Trying my hand at Caldereta

A few weeks ago, I attempted the Mount Everest of Filipino cuisine and tried my hand at making caldereta from scratch. It was not easy, let me tell you — I believe it took me an hour of chopping, slicing and preparing, and another two hours of actually cooking the meat so that it would be separate-with-a-fork tender. Plus I had a few obstacles — why do I have to use chorizo? Did my mom use cheddar cheese? I really have to use liver? Really? — but in the end, it was pretty tasty, and Trinity believes it was right on. For the future, I think I will forgo the chorizo, because the taste of the chorizo clashed with the caldereta, in my opinion. I’m also wondering if the minced garlic (we use it out of a jar, its so much easier) should be ground more finely. I’m also not a big fan of olives, but Trinity said he thought the olives really made it seem like caldereta. Oh well.

Check out the Flickr set here. What I really would like to attempt next is kare kare, a peanut soup, but I’m sort of afraid to because of the recent salmonella scare. Although, the recipe in my book calls for roasting peanuts, rather than using peanut butter, which is what my mom used.

Attempting menudo

I say attempt because it didn’t turn out quite how I think it should have.

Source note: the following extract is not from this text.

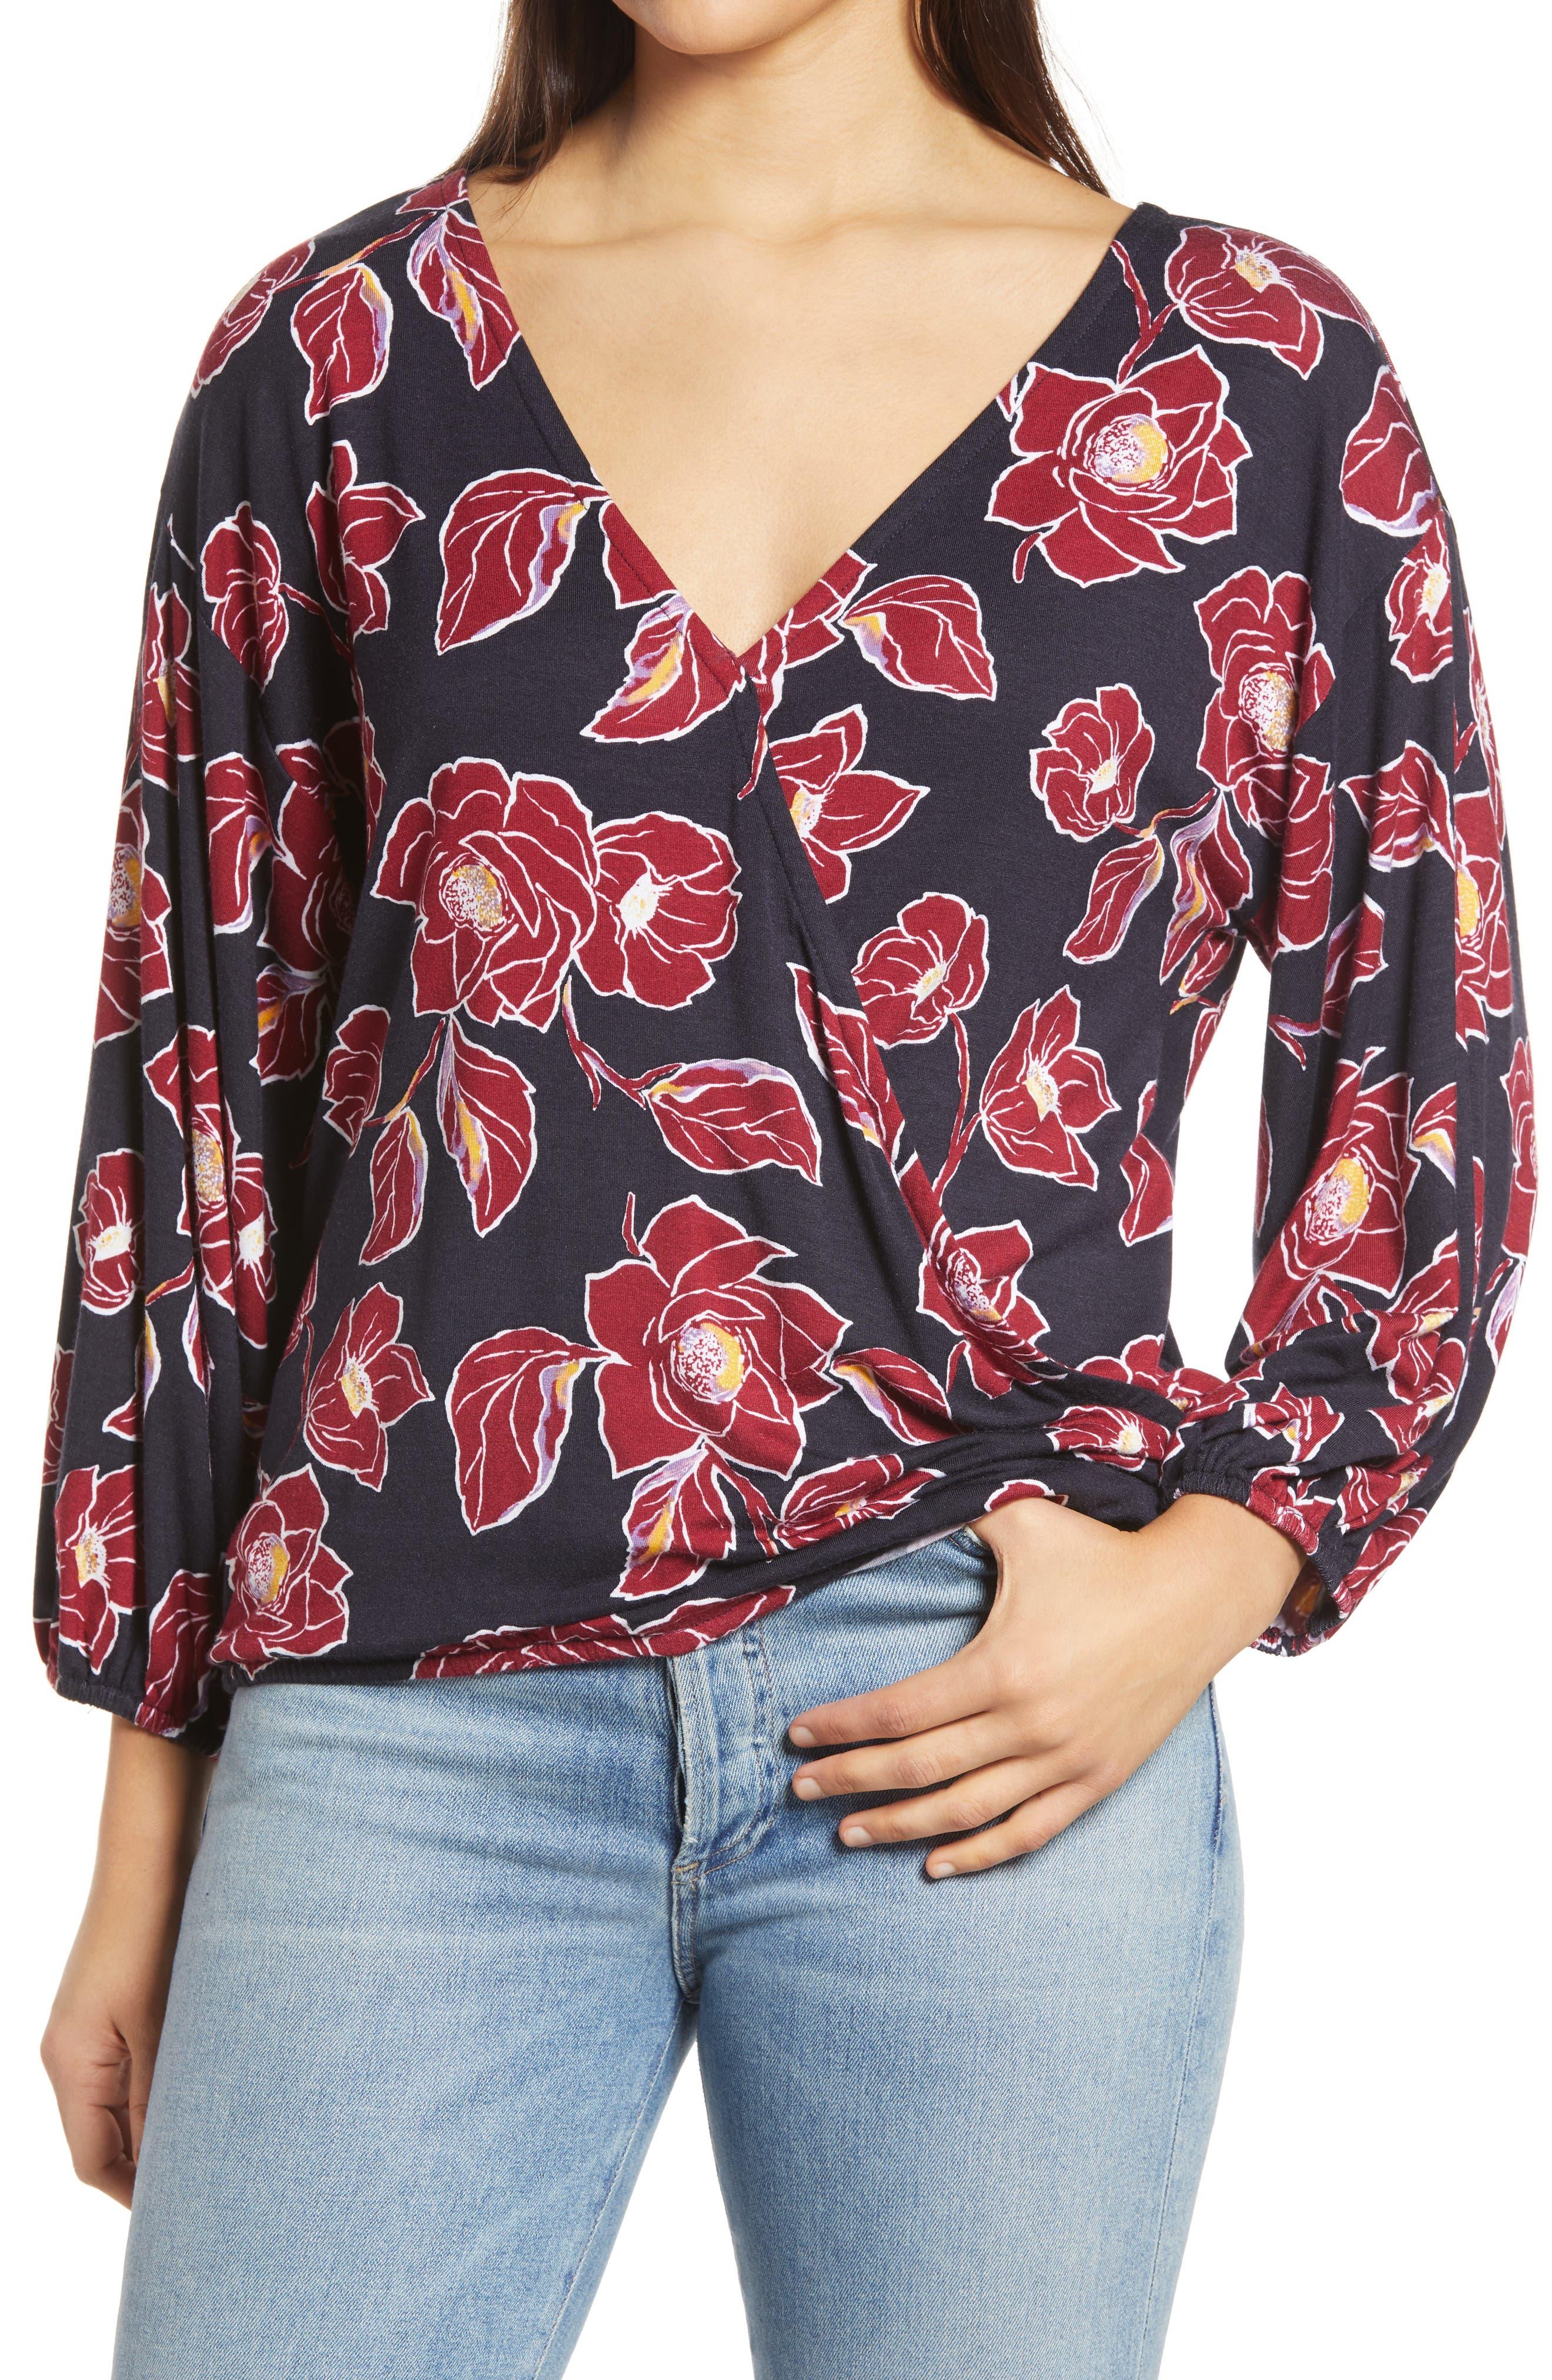 Floral Print Double Surplice Knit Top

Attempt at Filipino Menudo

Anyway, I tried the menudo recipe in my little Filipino cookbook, but my problem was that I didn’t follow the directions to the letter. Plus, another knock against this attempt is that its pretty different from my mom’s version, which uses beef and much bigger chunks of potato. The end result was still edible, and not terrible — shoot, I ate it up — but I still have a yearning for my mom’s version of menudo. Ah well. Check out the whole process in the Flickr set.